Peptides are composed of amino acids, which can be coupled both in a chemical and enzymatic way. An overview of these procedures is provided in Chapter 1. In addition, special attention is paid to the substrate mimetics strategy, which was taken as a starting point for the research described in this thesis. The substrate mimetics strategy combines the advantages of chemical synthesis (almost unlimited choice of amino acids) with the benefits of enzymatic synthesis (region- and stereospecific, mild reaction conditions). In practice, this is realised by equipping amino acids with an additional universal moiety, the so-called mimetic, resulting in recognition by the enzyme.

Figure 1 Principle of the substrate mimetics strategy

A well-known mimetic from literature is the guanidinophenyl ester (OGp), which, by resembling the amino acid arginine, is specifically recognised by the enzyme trypsin (Figure 1). Until now, OGp has been mainly applied in small-scale academic research. However, to make this concept of substrate mimetics applicable for large-scale industrial processes, a simple and cheap replacement of OGp is required. Preferably, it should be possible to install the mimetic enzymatically in the amino acid of choice.

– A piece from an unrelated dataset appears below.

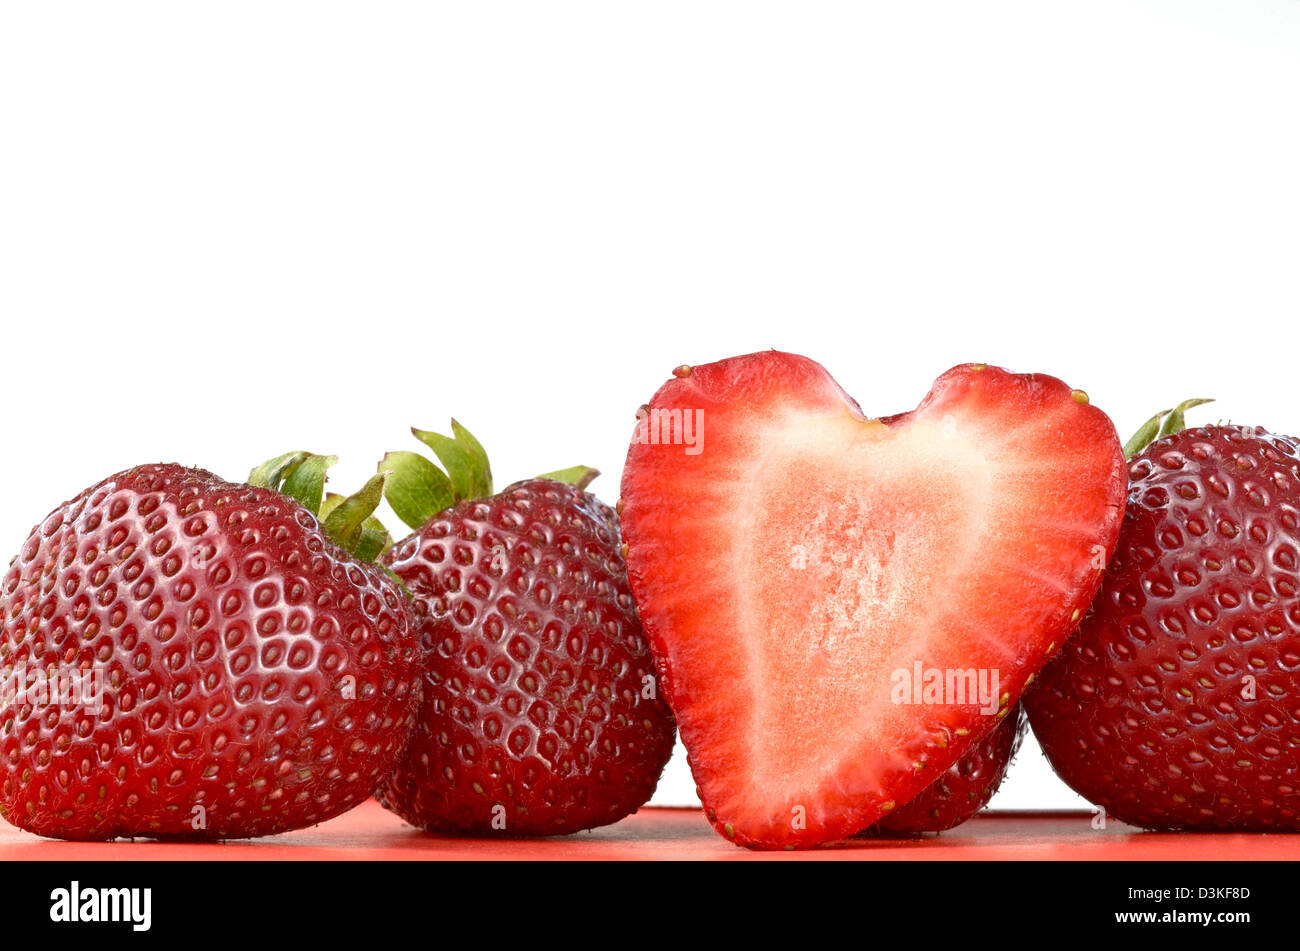 Four strawberries, one of them cut in half and having a heart-shape look. Stock Photo
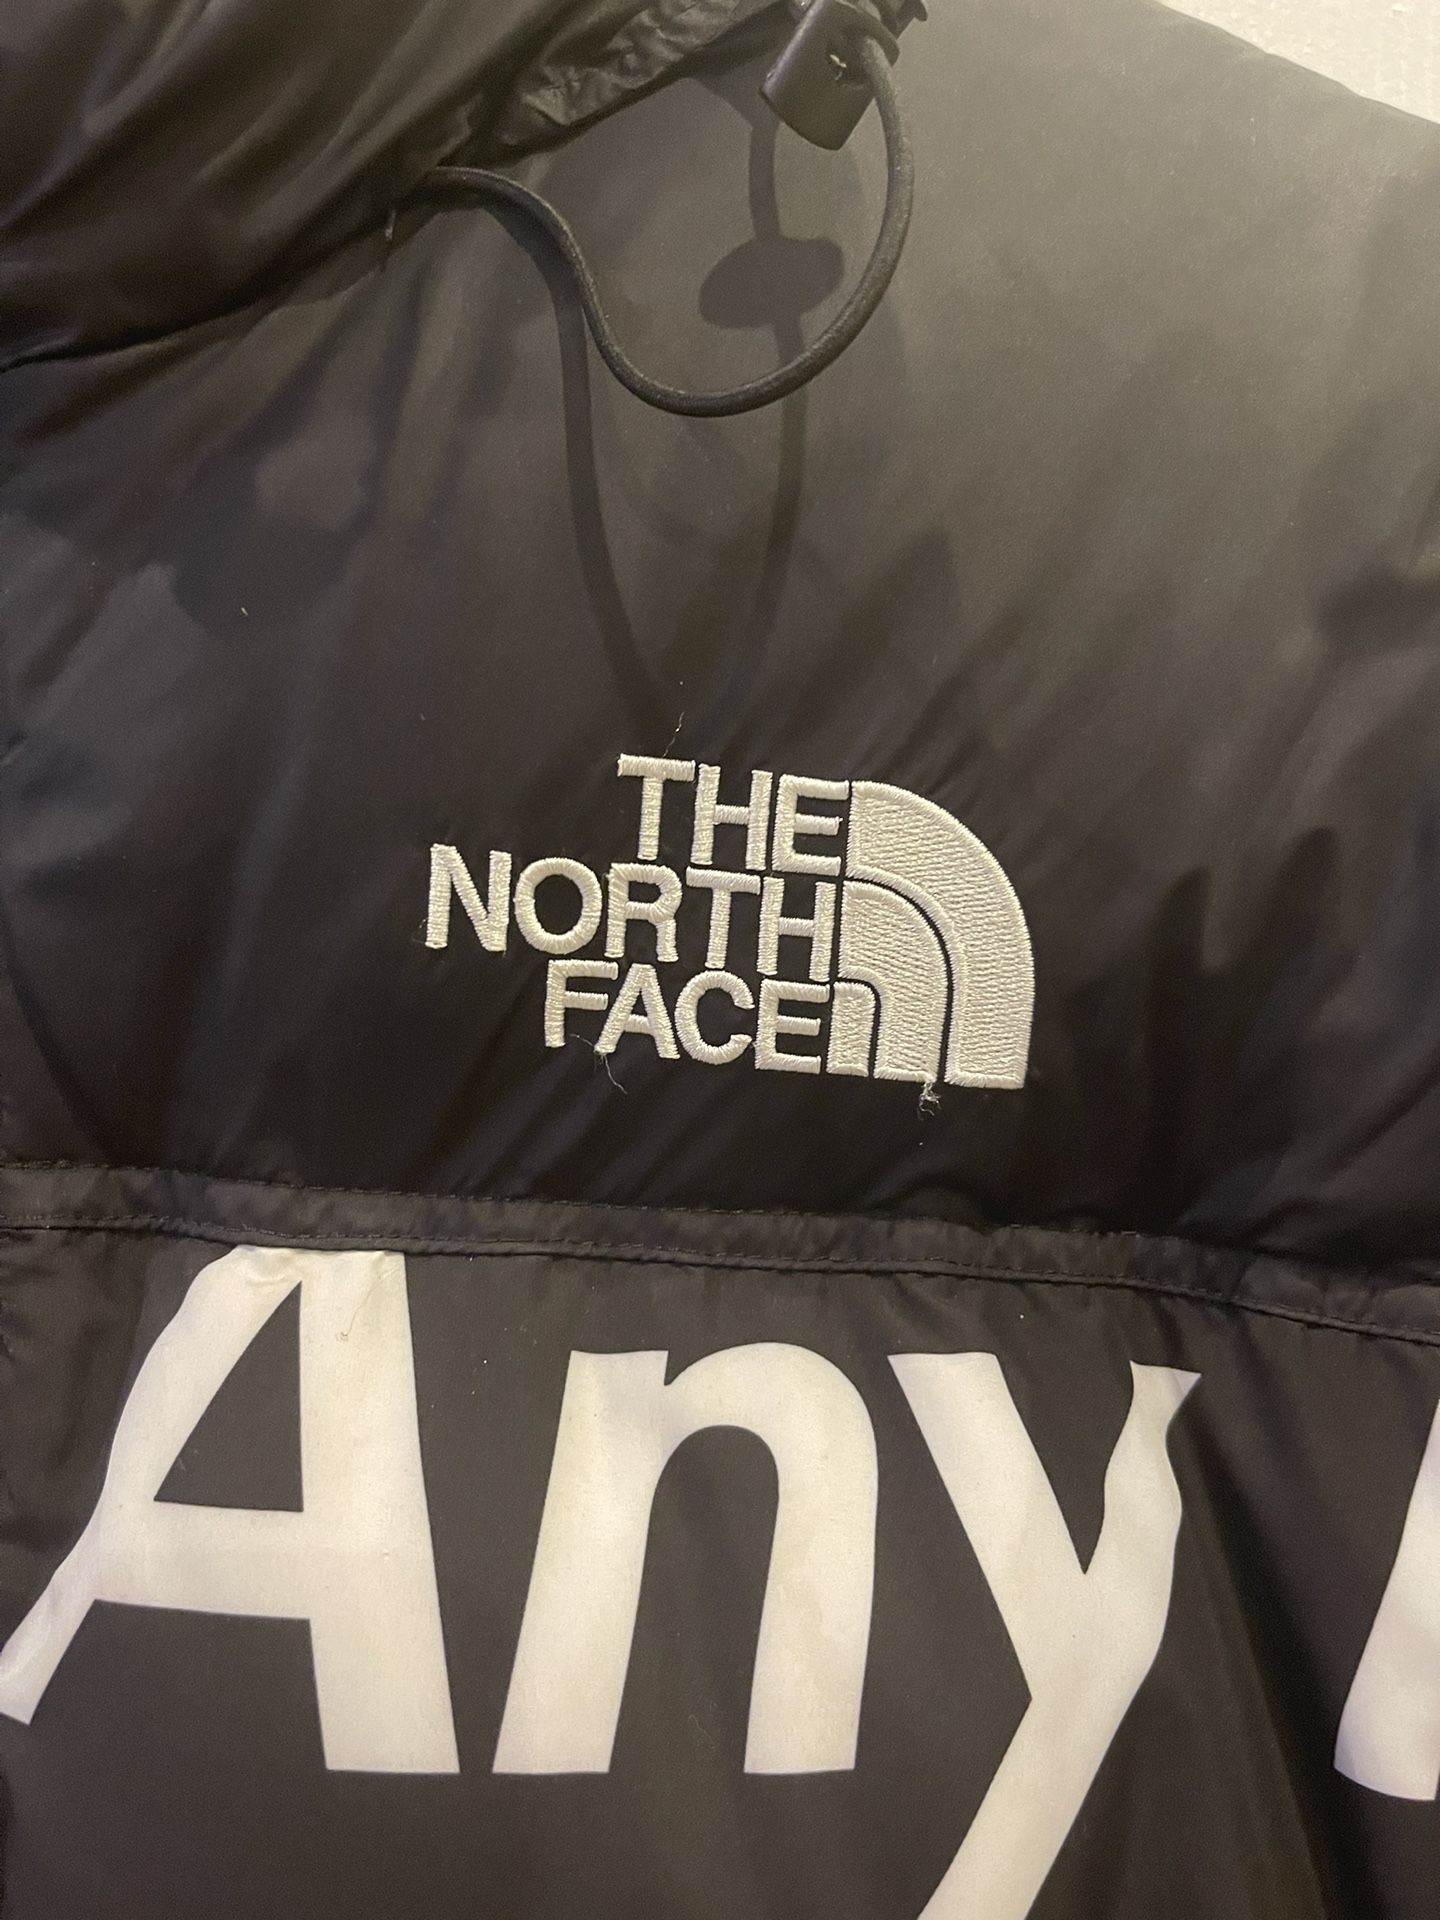 north face supreme jacket by any means necessary, Off 61%, www

Our quest for an alternative mimetic commenced in a fairly fundamental way by investigating whether OGp would prove a suitable mimetic for papain, a cysteine protease with a broader specificity than trypsin (Chapter 2). A less specific enzyme may allow more variation in the structure of the mimetic without losing activity. As a test substrate Z-Gly- OGp was synthesised and subjected to a chemoenzymatic reaction with papain in the presence of H-Phe-NH2 as acyl acceptor under aqueous conditions (Scheme 1). The reaction was followed in time and analysed using HPLC.